The high levels of accuracy demonstrated in the evaluation show that the PhenoGO resource can be used as a data source in a number of computational applications. This high level of accuracy was valuable in conducting our study of human diseases and their relationships through the creation of a phenome-interactome network. This network was composed of the gene-disease relationships found in PhenoGO coupled with molecular interactions in a high-quality, human curated protein-protein interaction network [1]. Similar studies by Lage et al. [2] and Goh et al. [30] used similar phenotype data derived though natural language processing of OMIM. The popularity of OMIM reveals both the high quality of its contents and the relative paucity of readily computable genome-phenome resources available to researchers.
This is particularly important for candidate gene prioritization applications where the availability of accurate, precise, and computable knowledge is a necessity in order to train classifiers or filter biological candidates. In addition, the application of context in many studies should help further pare down the candidate list based on temporal expression patterns and localization. Alternatively, using cell ontology, which is a new authoritative organization of cell types, one can use PhenoGO and GO annotations databases to create a high throughput comparative analysis of gene-GO annotations across species. Similarly, many other automated predictive or analytic systems can be built over the PhenoGO phenotypic contexts related to specific GO annotations.
Limitations
The current alpha version of the http://www.PhenoGO.org database does not provide a query over the specific taxon or the "experimental evidence codes" found in Gene Ontology.

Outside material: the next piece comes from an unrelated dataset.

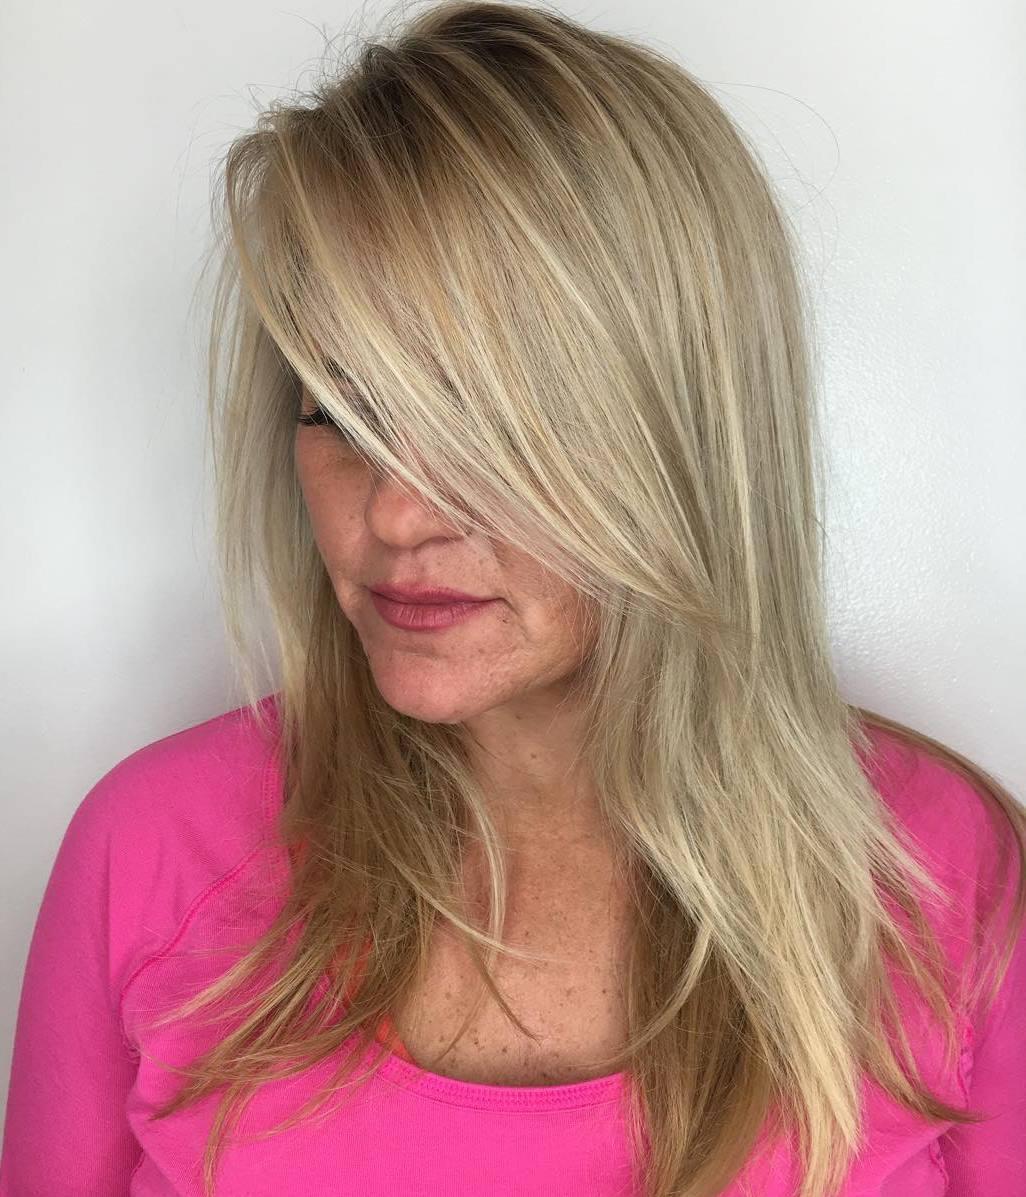 Fabulous 65 Devastatingly Cool Haircuts For Thin Hair Short Hairstyles Gunalazisus

An update of the dataset content is conducted annually in July.
Conclusion and future work
This paper demonstrates the PhenoGO resource, a multi-organism database augmenting existing Gene Ontology annotations with phenotypic context using a number of widely used structured ontologies. An evaluation of the contextual modifications demonstrates that the resource reaches a high level of accuracy, comparable to other existing biological resources. By enriching existing functional annotations with phenotypic context, we increase the specificity and computability of the annotations. The expansion of the database to include ten additional species and addition of disease annotations makes it a prime resource for high-throughput experiments examining the complexities underlying disease and their associated biological processes. Our objective is to provide an accurate and regularly updated open source database of phenotypic and contextual annotations for high throughput access and analysis by the biological and bioinformatics communities, accessible in a structured, readily computable form. As a consequence, we intend to revise the automated BioMedLEE and PhenOS technologies to increase the recall and precision of the system by providing methods for filtering by levels of predicted accuracy. Additionally, during the coming update in July, additional advanced query capabilities will be added across species and "experimental evidence codes" found in GO.
Competing interests
The authors declare that they have no competing interests.
Authors' contributions
Lussier was responsible of the overall design and contributed to the R&D of BioMedLEE and PhenoGO. Friedman contributed significantly to BioMedLEE. Sam and Li were involved in the implementation and updates respectively. Sam, Mendonca, Blake, Friedman and Lussier contributed to the evaluation. Sam and Lussier were involved in the discussion.
Acknowledgments
Acknowledgements
Thanks to Tara Borlawsky for her help in generating the data and contributing to the evaluation. This study was supported in part by NIH/NLM grants 1K22 LM008308-01, R01 LM007659, and 1U54CA121852.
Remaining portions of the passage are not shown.